Member of the Karnataka Legislative Council
- In office 14 June 2016 – 13 June 2022
- Constituency: Elected by Legislative Assembly members
- In office 29 May 2010 – 28 May 2016
- Constituency: Nominated by Governor

Personal details
- Born: 14 July 1948 (age 78) Kunwariya, Udaipur State (present-day Rajasthan), India
- Party: BJP
- Spouse: Shanta Bai Siroya
- Children: Deepak Kumar Siroya, Sanjay Kumar Siroya, Asha Gandhi
- Parent: Kesarilal Siroya (father);
- Education: [10th Pass]
- Occupation: Politician, Entrepreneur

= Lehar Singh Siroya =

Indian politician

Lahar Singh Siroya (born 14 July 1948) is an Indian politician of the Bharatiya Janata Party (BJP). He got elected to Rajya Sabha (Upper House) as a Member of Parliament from Karnataka in July 2022. Previously Lahar Singh was a Member of the Karnataka Legislative Council for two consecutive terms from June 2010 to June 2022.

Lahar Singh is an entrepreneur by profession and a politician by passion.
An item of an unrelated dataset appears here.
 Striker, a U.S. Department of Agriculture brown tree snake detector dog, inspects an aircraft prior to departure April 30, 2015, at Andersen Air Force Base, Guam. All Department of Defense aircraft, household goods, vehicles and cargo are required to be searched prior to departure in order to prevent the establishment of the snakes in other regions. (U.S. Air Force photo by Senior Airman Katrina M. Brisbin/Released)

As a senior party member, he has held various positions in the party from time to time. Currently, he is the co-treasurer of BJP Karnataka.
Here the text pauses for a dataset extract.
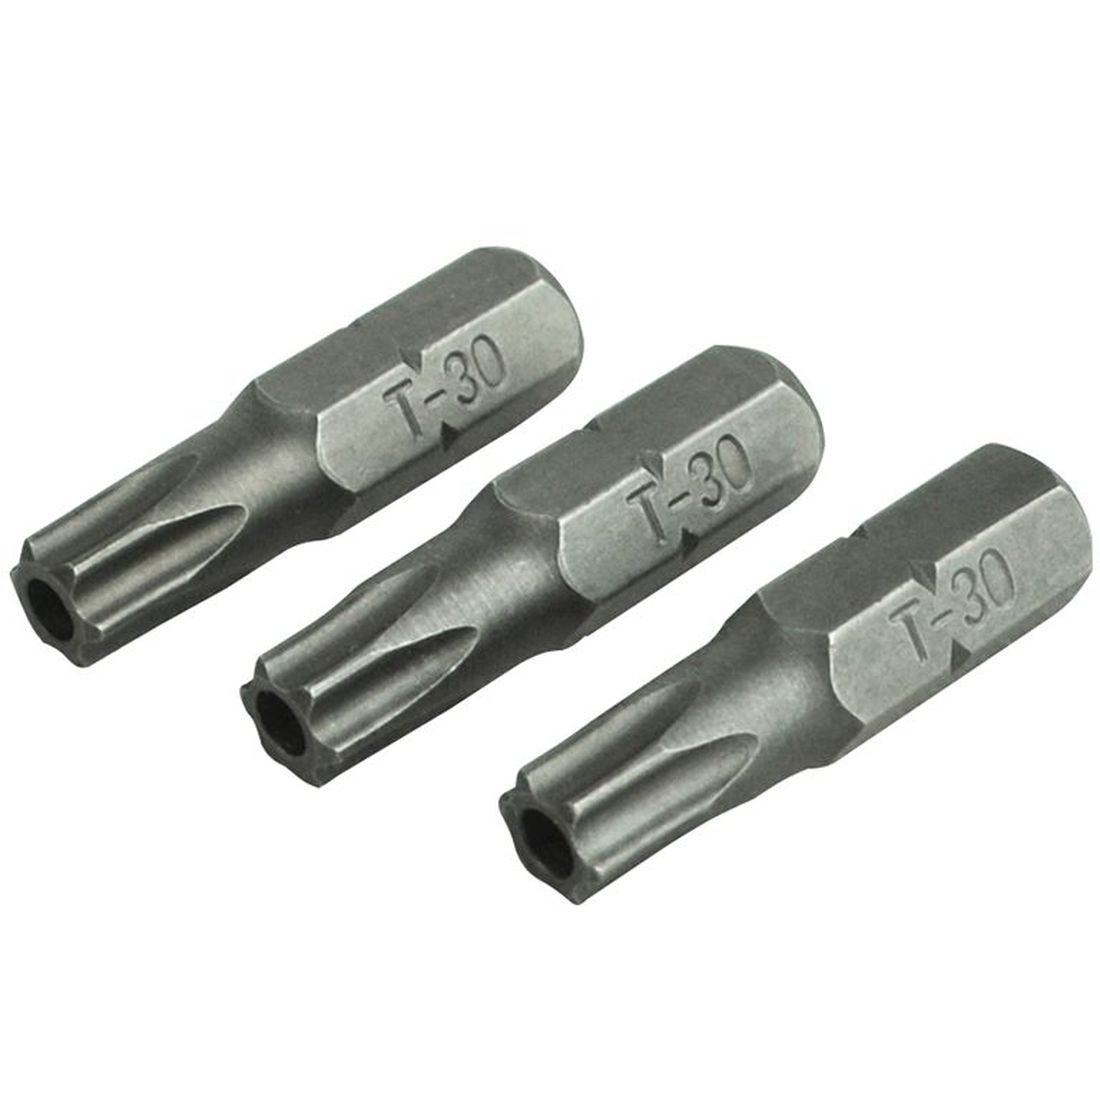 Faithfull Security S2 Grade Steel Screwdriver Bits T30S x 25mm (Pack 3)

A political strategist, Lahar Singh, is known to have the ear of people who matter in the BJP and is a crucial figure at the national level on political affairs of Karnataka. Lahar Singh is known to be close to Prime Minister Shri Narendra Modi and former Karnataka Chief Minister B.S. Yediyurappa and is a interlocutor between the top BJP leadership in Delhi and Karnataka.

== Political career==
In his two terms as a member of the Karnataka legislative council, Lahar Singh has often raised issues of public interest, focusing on the deterioration of the city of Bengaluru, the issue of corruption, and drug usage among youths.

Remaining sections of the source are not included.